Each office has its own server that is running Windows SBS and each office is separately managed, so there is little or no centralized management. There may be some interconnection for business purposes and there may be extranet access required for the business partners. With this configuration, you are often the unifying link between the organizations and are therefore responsible for ensuring that appropriate access and permissions are set up between sites.

Some customers might encourage you to install Windows SBS in each office. Despite the apparent cost savings, technical factors weigh against it.

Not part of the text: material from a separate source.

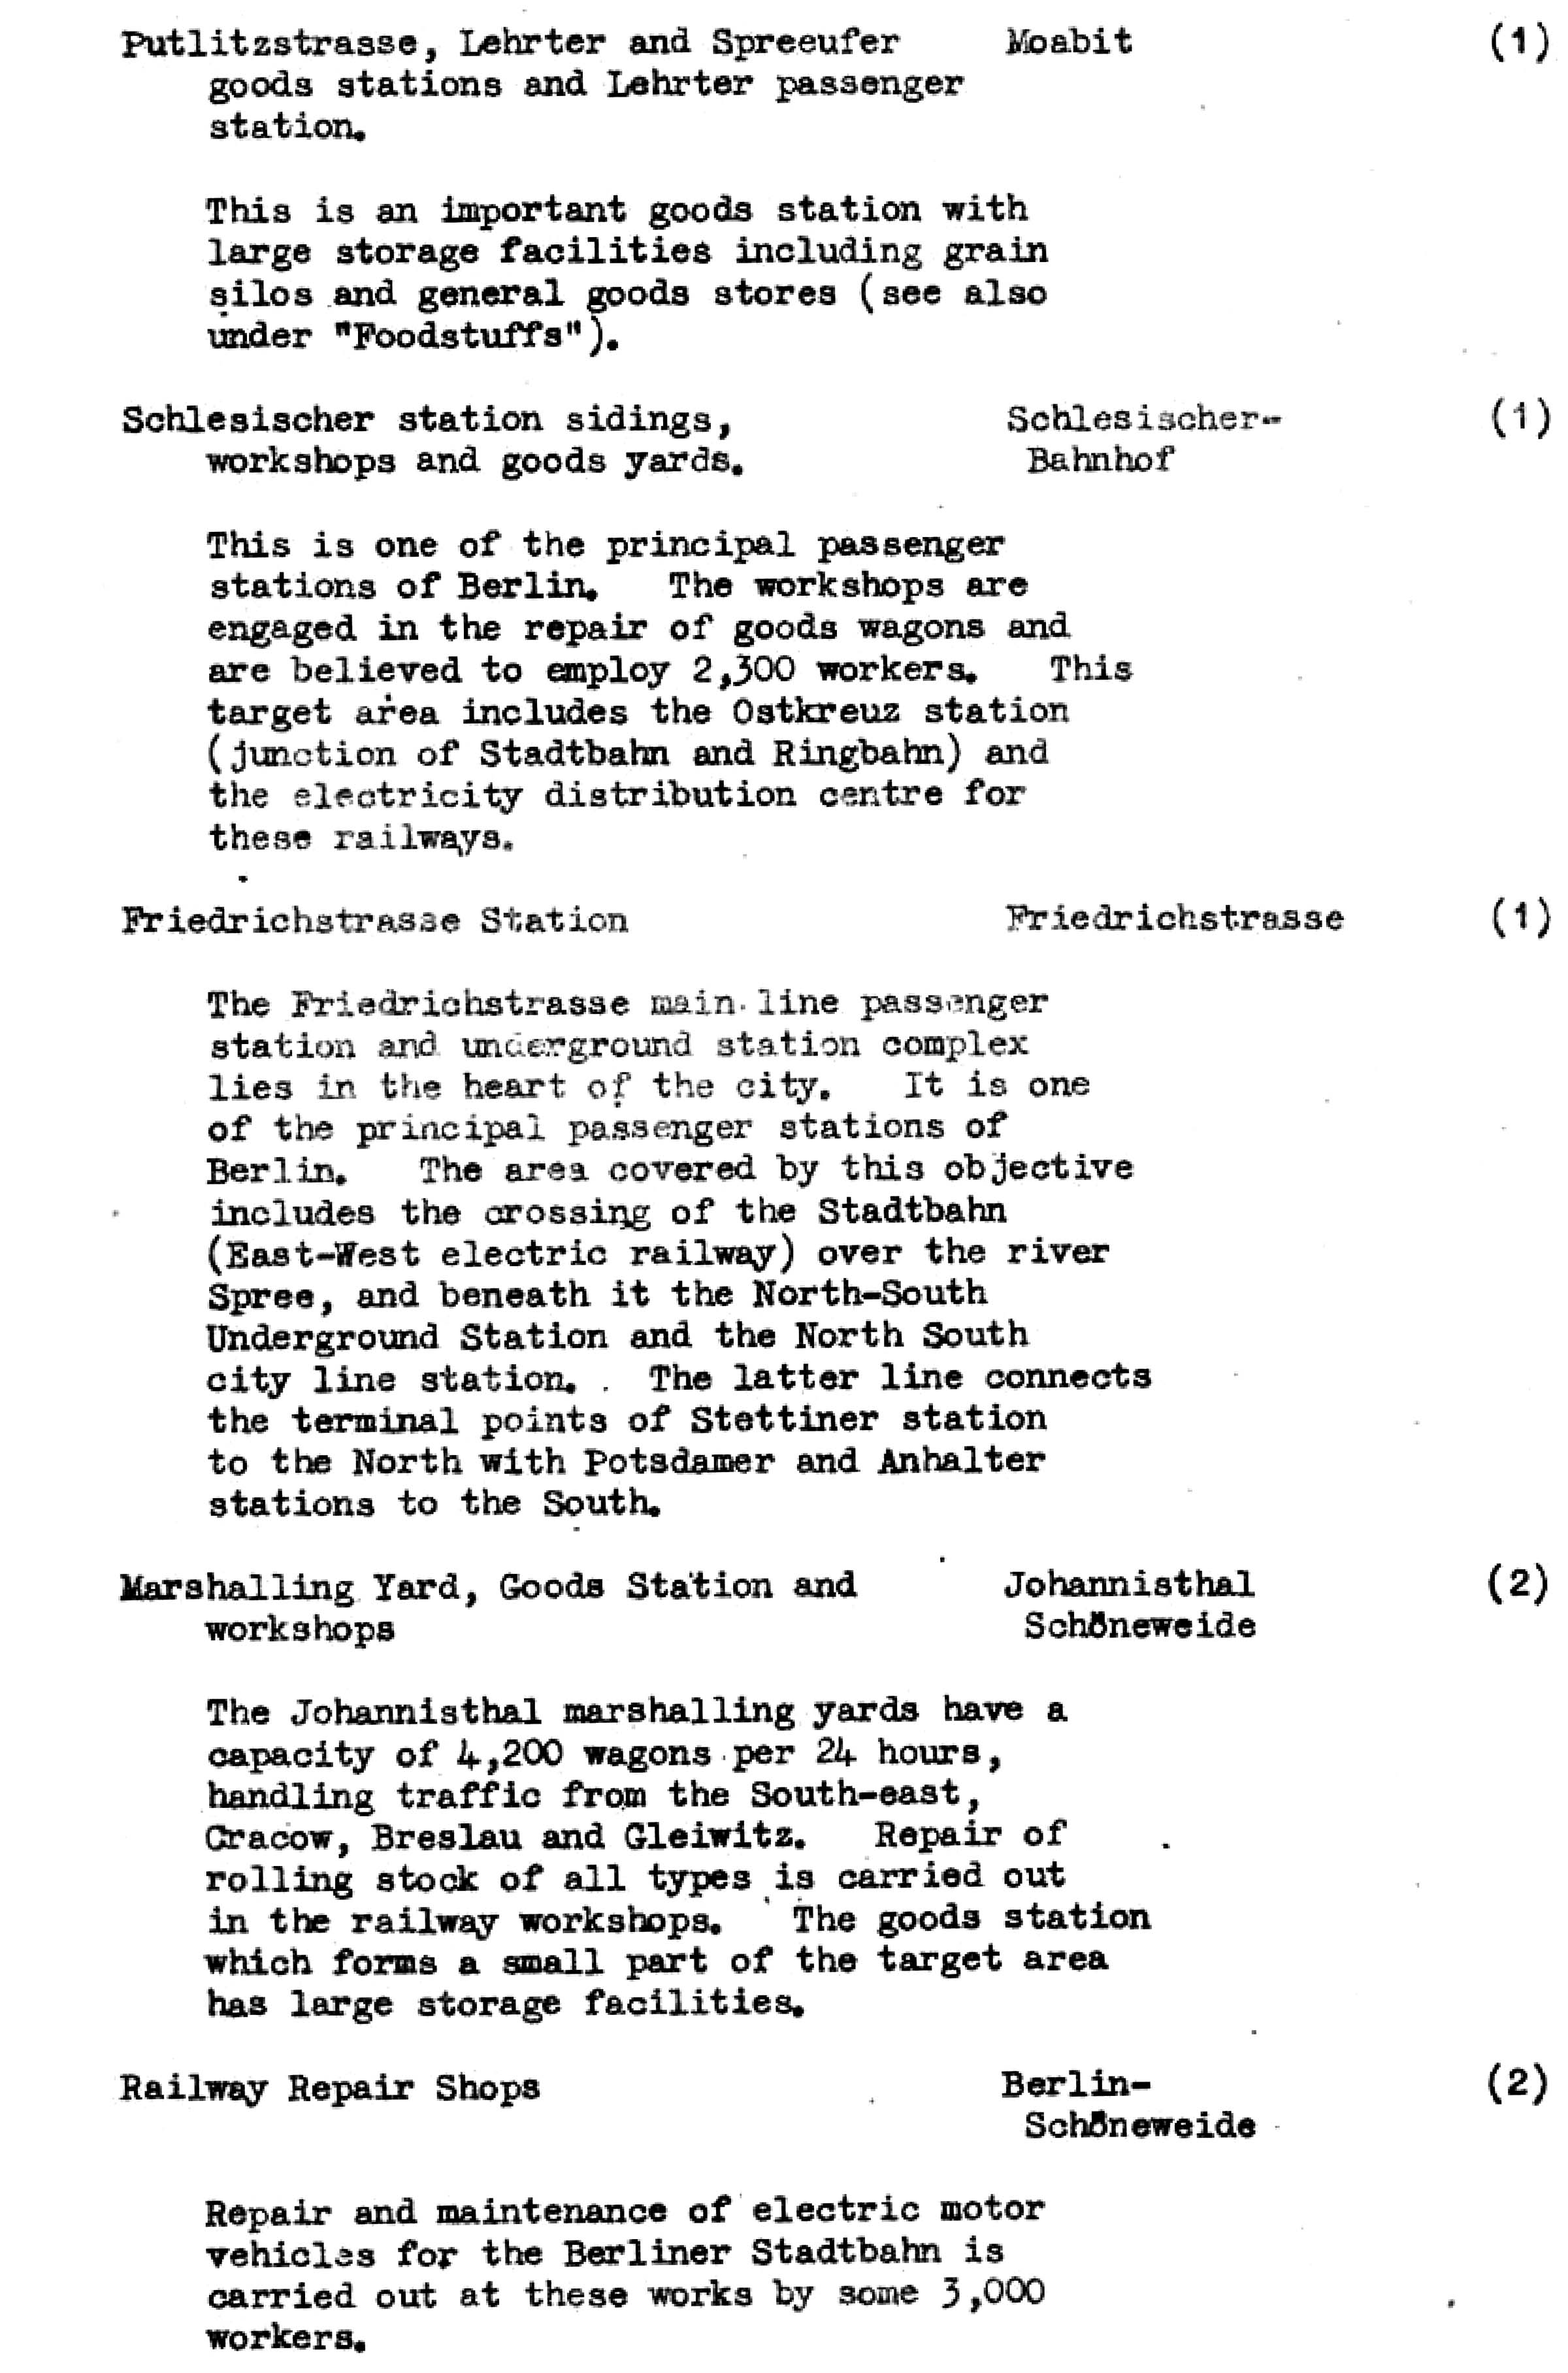 Die Ziele der alliierten Luftangriffe in Berlin im Zeiten Weltkrieg im Bomber's Baedeker - Originaldokument Seite 33b

• Separate Windows SBS in each office. This sounds great and cost-effective, but it means that there are separate copies of Exchange Server, Windows SharePoint Services, and Internet Information Services (IIS) at each office, which is usually too much for the number of users and applications supported. Costs are increased, and the redundancy does not provide any advantages.
  
  
• No interoffice trusts or subdomains permitted. Without benefit of Active Directory's ability to work with multiple forests, simple functions such as searching for a user's name or extension number at another office are not permitted.
  
  
• LOB applications are different at every office. As with the core Windows SBS applications, there is expensive and time-consuming redundancy built into remote-office overhead and management. The business cannot achieve economies of scale with separate copies of identical applications at each office.
  
  
• Most difficult to administer locally or remotely. Each office must be configured separately, and users in one office do not have any permissions in another office, unless you create duplicate accounts for them. Duplicate, repetitive management is introduced.
  
  
• Limitations on user licensing. Windows SBS user CALs do not allow a user to access a server that is running Windows SBS at another site. You need to purchase additional CALS for users who need to access resources at each additional site.
  
  

A significant difficulty with this arrangement is that there are no centralized management tools available for you as the partner. Setting up and maintaining the appropriate levels of security, user management, and service provisioning is labor-intensive. If you have customers that insist on this type of interrelationship, then you should recommend that they invest in Windows Server 2003 and related applications like Exchange.